The fundamental question of transparency “who, or what is really in view here?” is going to take centre stage. 

One consequence may well be an increasingly fraught battle between, on the one hand, commercial intellectual property (IP) rights, and, on the other, individual rights and the common good. With the notable exception of sites like Wikipedia society has so far struggled painfully and inconsistently with the challenges of effective content moderation – especially where values rather than empirical facts are concerned. Until now, and to pick just one example; Facebook’s secretive behaviour and cherry picked transparency metrics have wilfully kept both customers and regulators in the dark. The idea that we can mechanise or automate by outsourcing intrinsically value-laden problems to algorithms, however mimetic the surface results, is patently utopian. Continuing to withhold evidence of biases and harms from generative deepfakery using AI can only invite a steeper descent towards dystopia. And as generative AI combines with increasingly convincing deepfake technology to fool every human sense the fundamental question of transparency “who, or what is really in view here?” is going to take centre stage with increasing importance.  

A veracity FAQ

Veracity will take on increasing scope as well as importance. Soon not just the ‘facts’ of a matter but equally basic questions like “who (or what?) is saying this?”, “why is this being said?” and “what are the consequences (holistically) of saying this?” will become central to deciding “is this true?” We are now in a situation where truth and fiction can be opaquely intermixed by machines autonomously at a pace and a scale, but also at a quality, that will overwhelm any fact-checking of the kind we deploy now. Proving our identity - including the basic fact that we are human, and protecting ourselves not merely from susceptibly to fakes but being faked will become increasingly important and will therefore become central tasks of the next web.   

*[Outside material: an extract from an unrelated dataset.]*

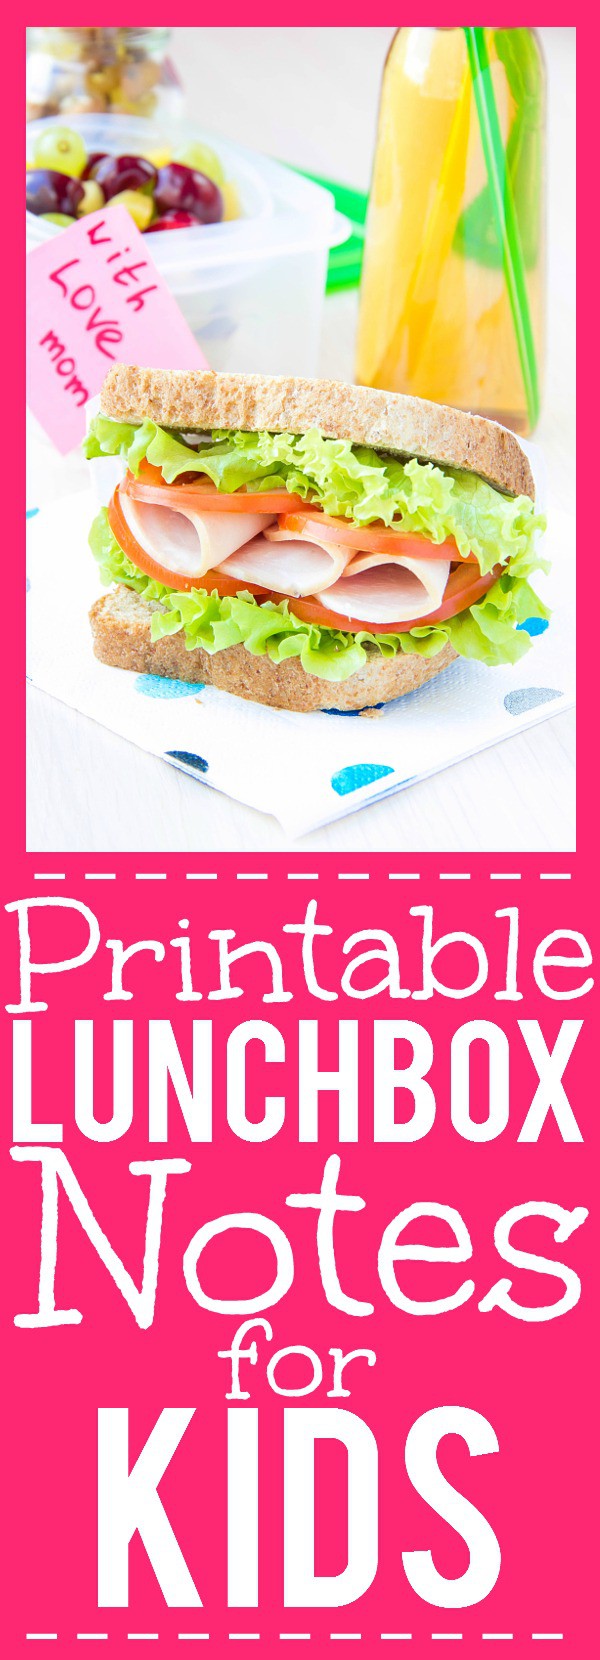 Free Printable Lunch Box Notes for Kids - Add a special, personal touch to your child's lunch to remind them you're thinking of them with these free Printable Lunchbox Notes for Kids.

Clearly there is a role for government here; a need for clear regulation, strong inspection and enforcement mechanisms, and an effective precautionary principle that ensures new techniques and new machines are only let loose in ways that have proven demonstrably safe. There will a role too for (new?) trustworthy bodies and institutions as fact-checkers and as repositories of verified content. New institutions as well as new technologies like https://datatrusts.uk/ are a helpful early response. 

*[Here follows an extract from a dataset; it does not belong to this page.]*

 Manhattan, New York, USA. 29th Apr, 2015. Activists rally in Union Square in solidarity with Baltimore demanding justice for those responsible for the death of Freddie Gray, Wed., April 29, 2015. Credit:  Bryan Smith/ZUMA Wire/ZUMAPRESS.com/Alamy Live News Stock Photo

Lastly, new demands and new digital habits will be needed by each one of us. The ancients associated a healthy soul with good habits but we are still at a formative stage of learning – and teaching one another – even healthy digital etiquette, let alone the digital habits and behaviours to keep humans safe and able to thrive as fully rounded souls navigating a world created for us by powerfully mimetic but deceptively soulless machinery. 

It won’t be easy. As Forster and others perceptively show, the machinery of modern life invites our souls towards decadence. Self-control is not in vogue. But the ancients have long associated the good life with cultivating character; with generosity, moderation, and self-less-ness as the only route to becoming truly whole.